Written by anorwegianwood (278 comments posted) 5th February 2007
I'll be repetitive and say I would certainly like to read more!

Written by Bottleblondesurfer (3570 comments posted) 5th February 2007
I. too, thought it was a great anecdote, well and honestly told but what an odd place to stop.You must have known we would want to know more. I'll just bet that pint eased the pain and betrayal of the lie. 
Actually I think that first paragraph was an object lesson in good introductions. I was hooked from then on 
Looking forward to the rest 

P.S I don't remember calling you a deluded yorkshireman. I'm sure I'd never accuse anyone of be a yorkshireman--oops
HI Phil
Written by jean.day (2369 comments posted) 6th February 2007
I too enjoyed this and await the next installment. You painted a very interesting picture of yourself at that age. I liked the idea that you chose to tell him you lied immediately you got to see him again.

Written by Witzl (1585 comments posted) 6th February 2007
Writing this hurriedly before the computer decides to end it all -- who knows if I'll manage to get this review completed? 
 
This little snippet tells us more about you than it does about John, but it definitely whets our appetite for more.
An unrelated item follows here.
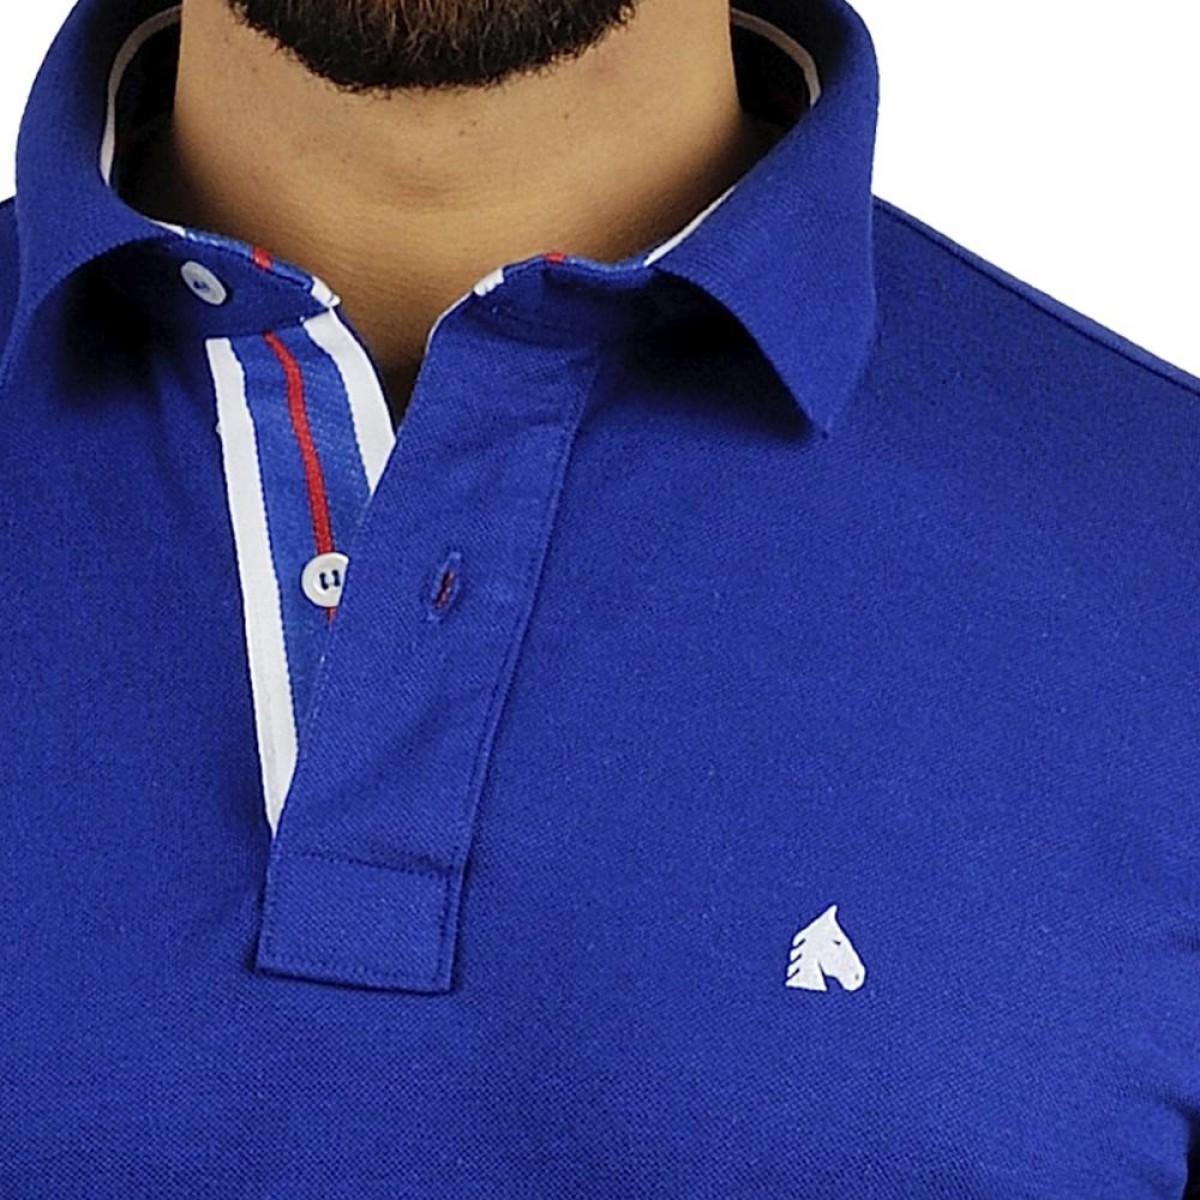 Camisa Polo BF   MS Azul Bic - BF   MS ba11c17389e90

I love the fact that the lie you told did not sit well with you. I have an awful time lying myself -- hate doing it, hate getting caught -- but I was nowhere near so honest at the age of seventeen. I too look forward to more.
wait. I have a question
Written by milz (35 comments posted) 6th February 2007
i know i'm just a 12-year old girl. Such a young girl. What is the spelling of realize? why s?...please reply. THanks. THanks for all your comments I appreciate them very much. Youre such a great help.

Written by johniebg (553 comments posted) 7th February 2007
Good stuff, too short but well written. Created a good image in my mind of the people and places and the time. This is obviously a very personal piece of writing and this started to show towards the end in an emerging sentimentality (no idea weather thats spelt right) but would definately read more and like I said, probably in bigger chunks. 
 
Loved the transposing of you and your sons fashion sense and the sense of this guy sitting there. This reminded me of sitting in country pubs and being engaged by wily old locals.

Written by Kathy (220 comments posted) 11th March 2007
I also had a 'teacher' whom I miss very much. Her name was Dorothy and she taught me how to appreciate literature. When she spoke a poem or piece of prose, her eyes would close in deep thought and emmotion and she taught me how to speak them simply and from the heart. That is what your writing does Phil, there is no pretention, which is a great tribute to your dear friend. 
Kathy

Written by ellipinnock (1790 comments posted) 12th March 2007
I came back to read this as I saw you've posted part 3 and noticed that I was rude enough not to leave a comment last time. And now it serves me right because everybody else has said what I wanted to say. 
 
I do like your writing style - simple straightforward and, ultimately, engaging which is the whole point of the exercise.